■ PROBLEM
Set down the data below word for word, and leave the images aside.

■ DATA EXTRACT
****************************************

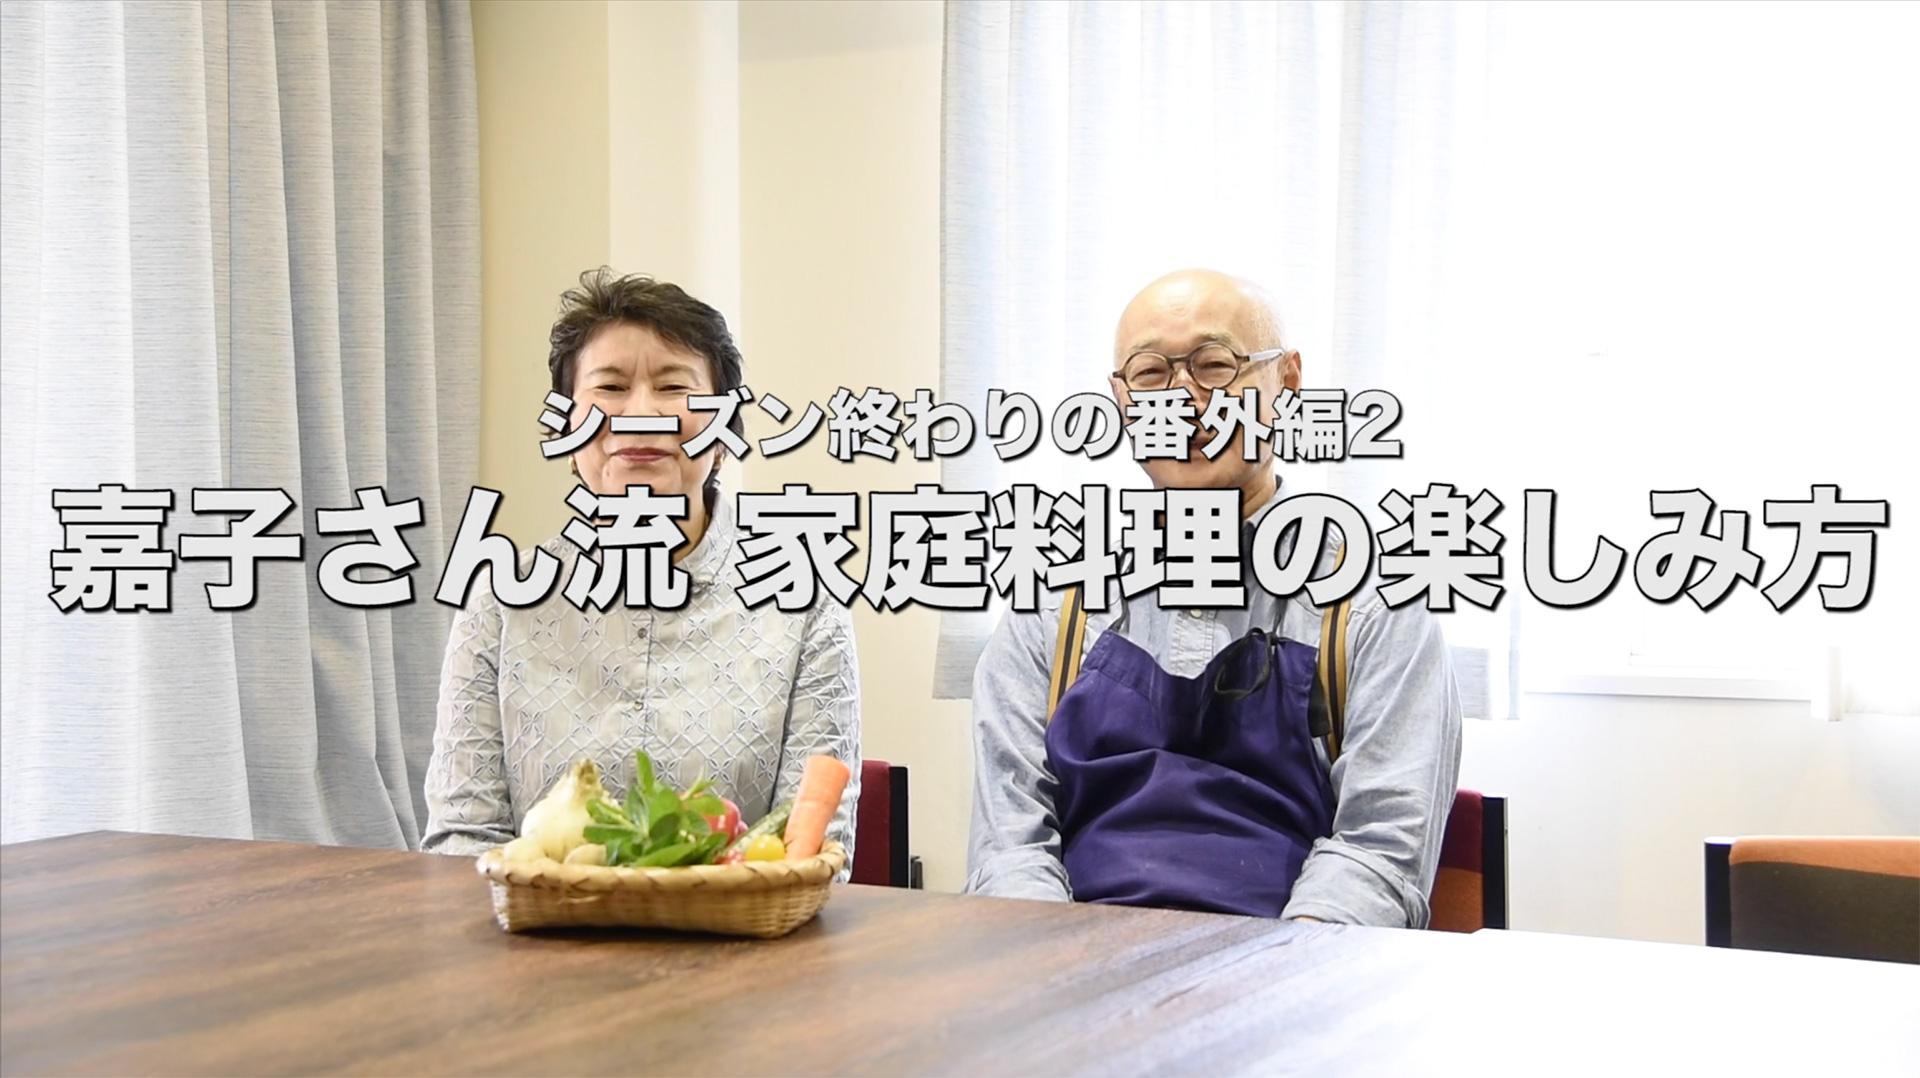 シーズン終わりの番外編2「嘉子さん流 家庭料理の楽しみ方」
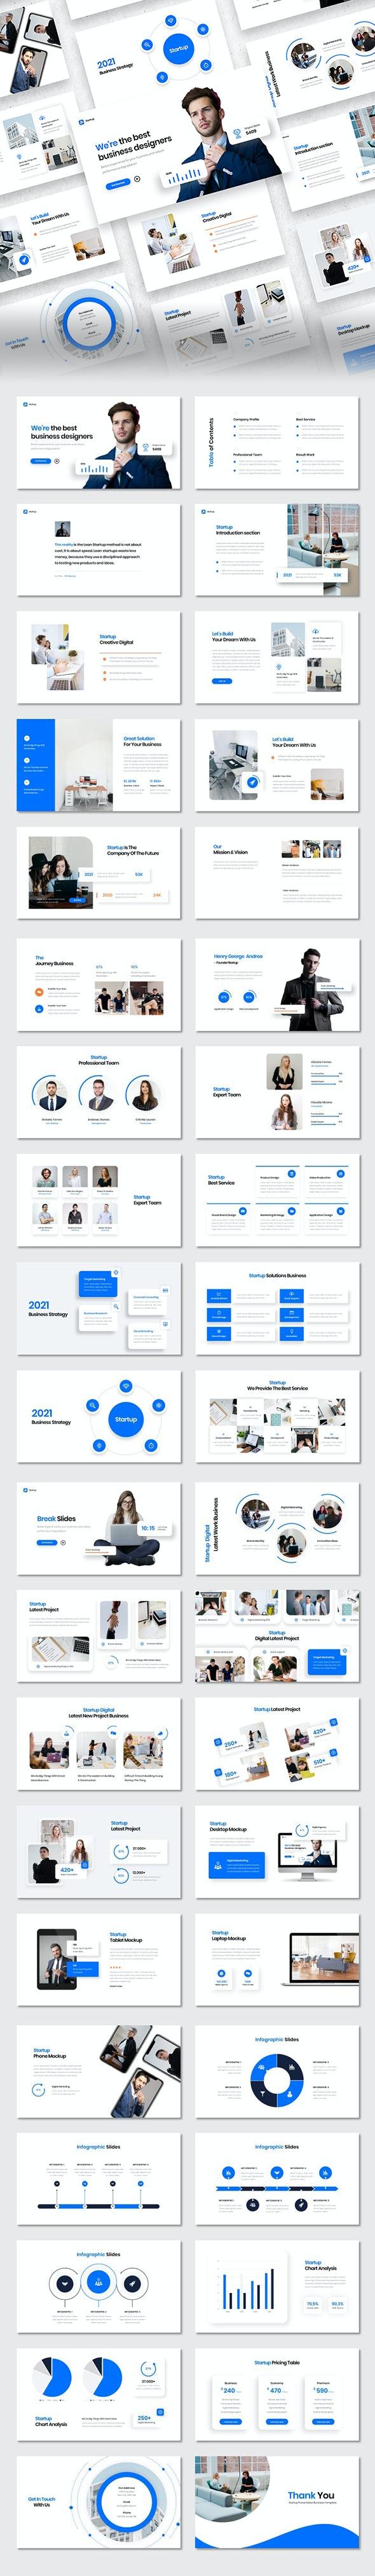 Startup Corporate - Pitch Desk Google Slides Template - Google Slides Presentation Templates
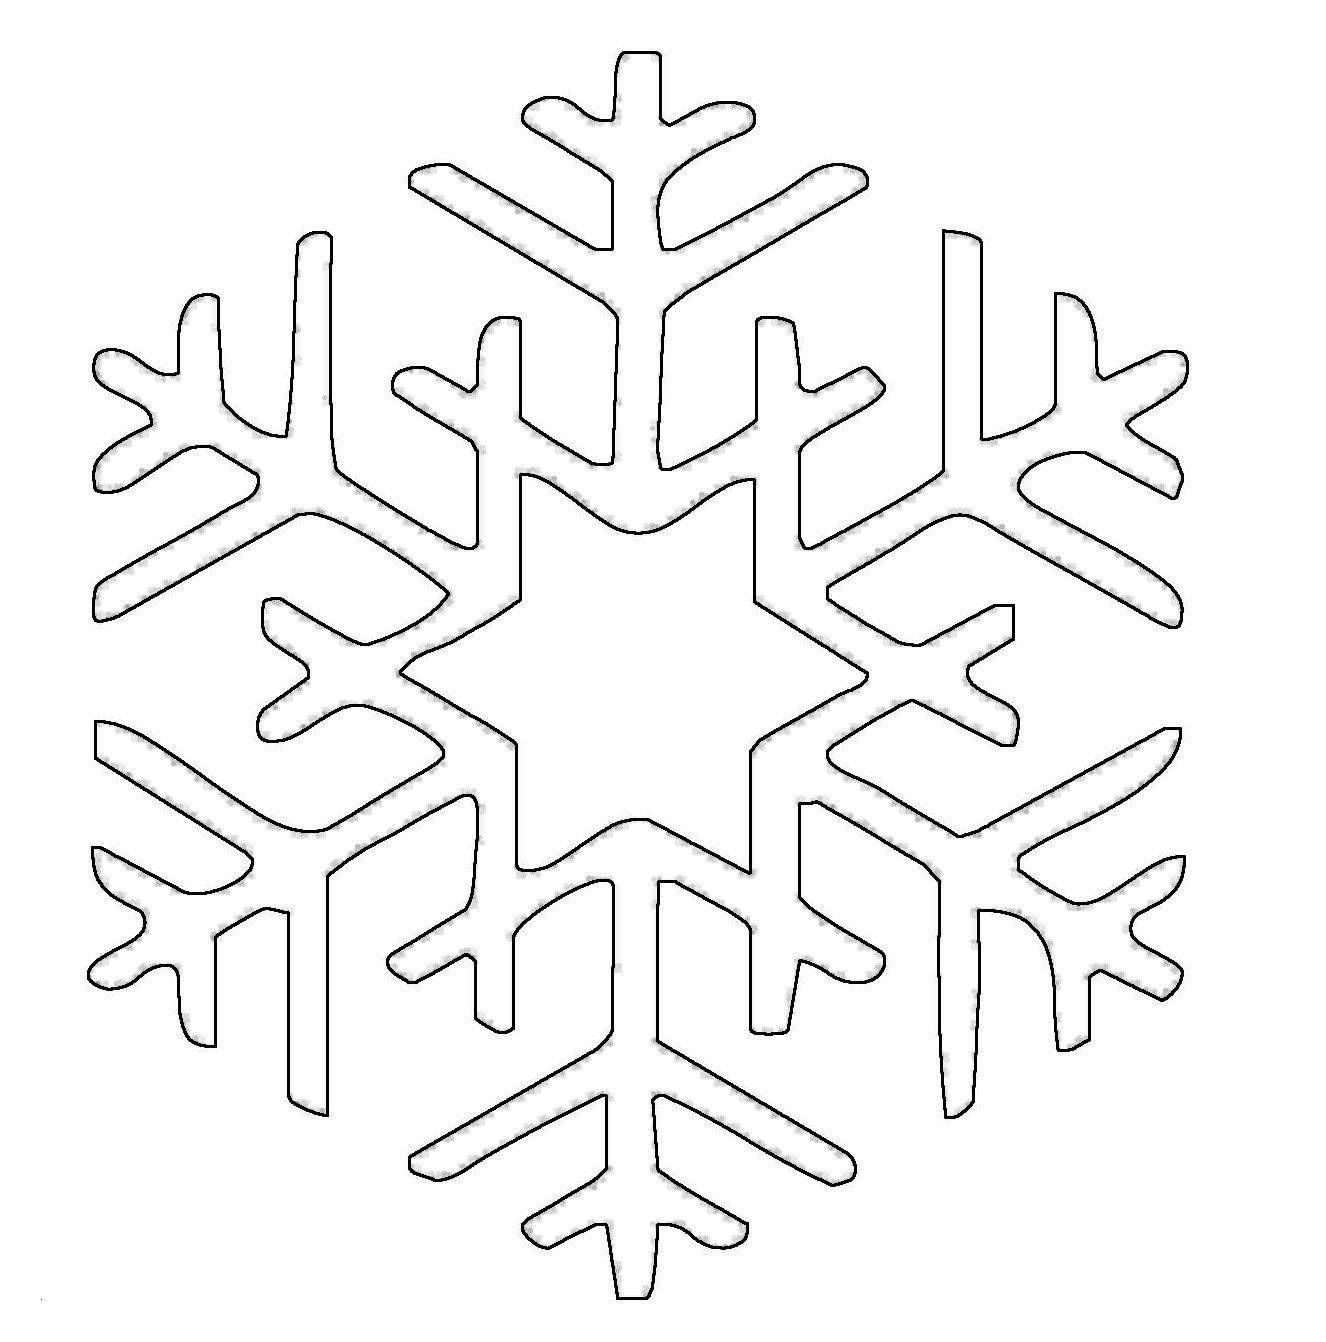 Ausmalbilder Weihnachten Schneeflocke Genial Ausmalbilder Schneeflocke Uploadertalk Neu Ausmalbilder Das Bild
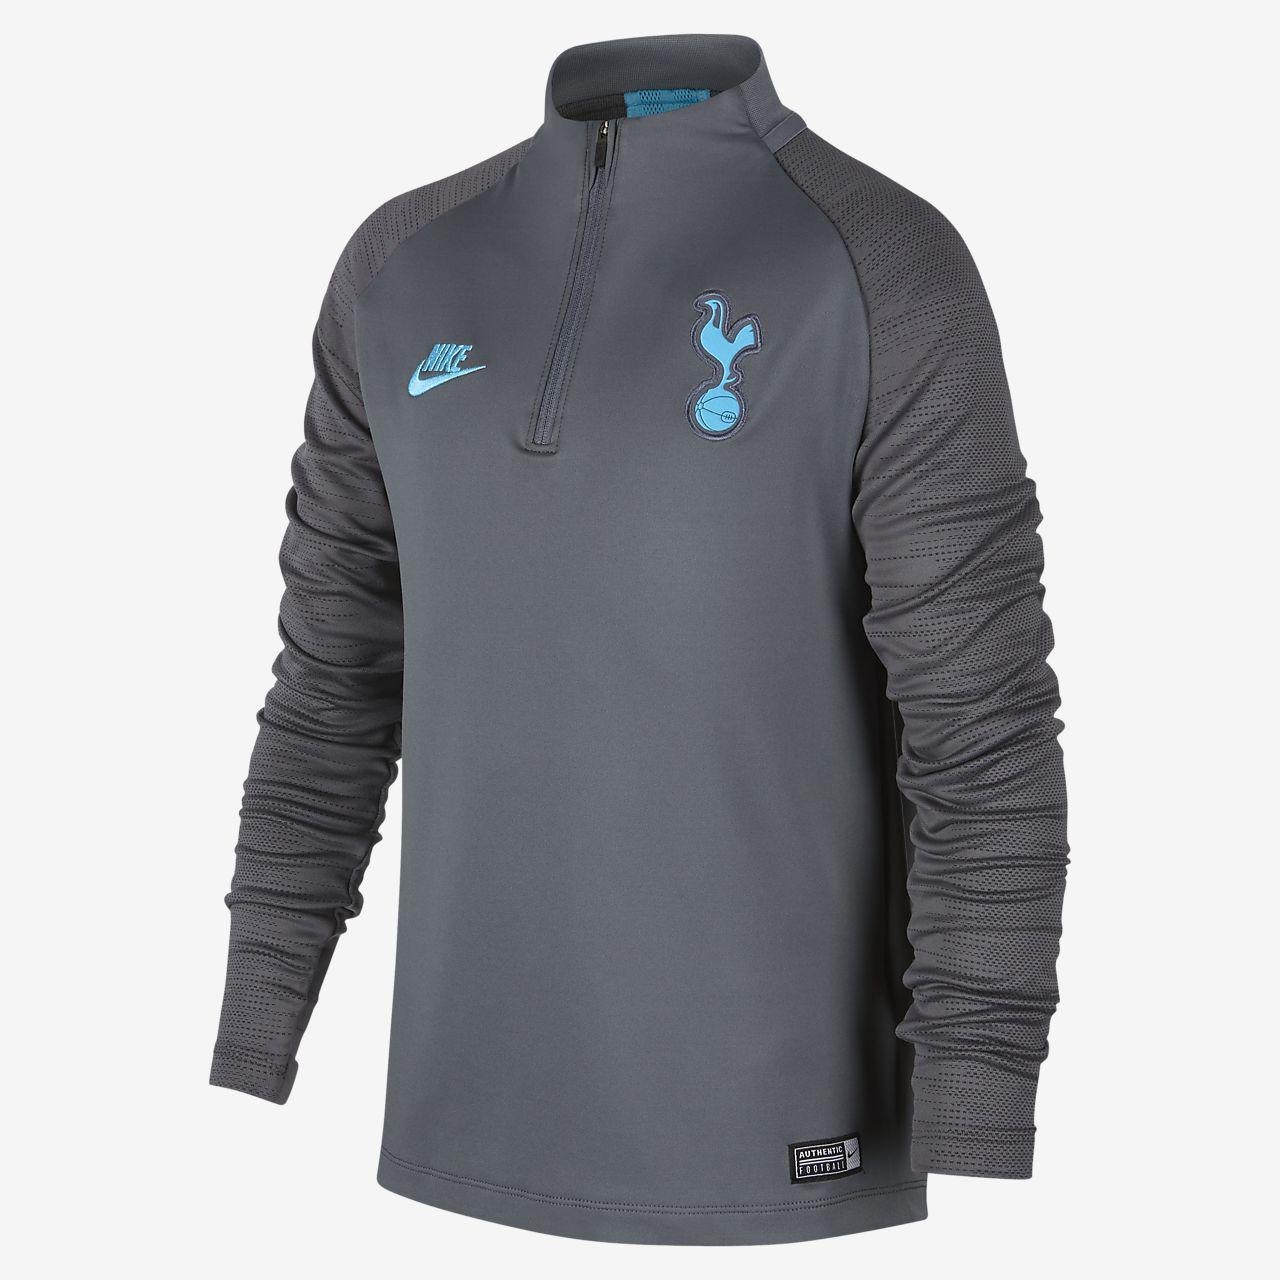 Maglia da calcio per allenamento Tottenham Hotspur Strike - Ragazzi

****************************************

■ RESULT BELOW
 シーズン終わりの番外編2「嘉子さん流 家庭料理の楽しみ方」
 Startup Corporate - Pitch Desk Google Slides Template - Google Slides Presentation Templates
 Ausmalbilder Weihnachten Schneeflocke Genial Ausmalbilder Schneeflocke Uploadertalk Neu Ausmalbilder Das Bild
 Maglia da calcio per allenamento Tottenham Hotspur Strike - Ragazzi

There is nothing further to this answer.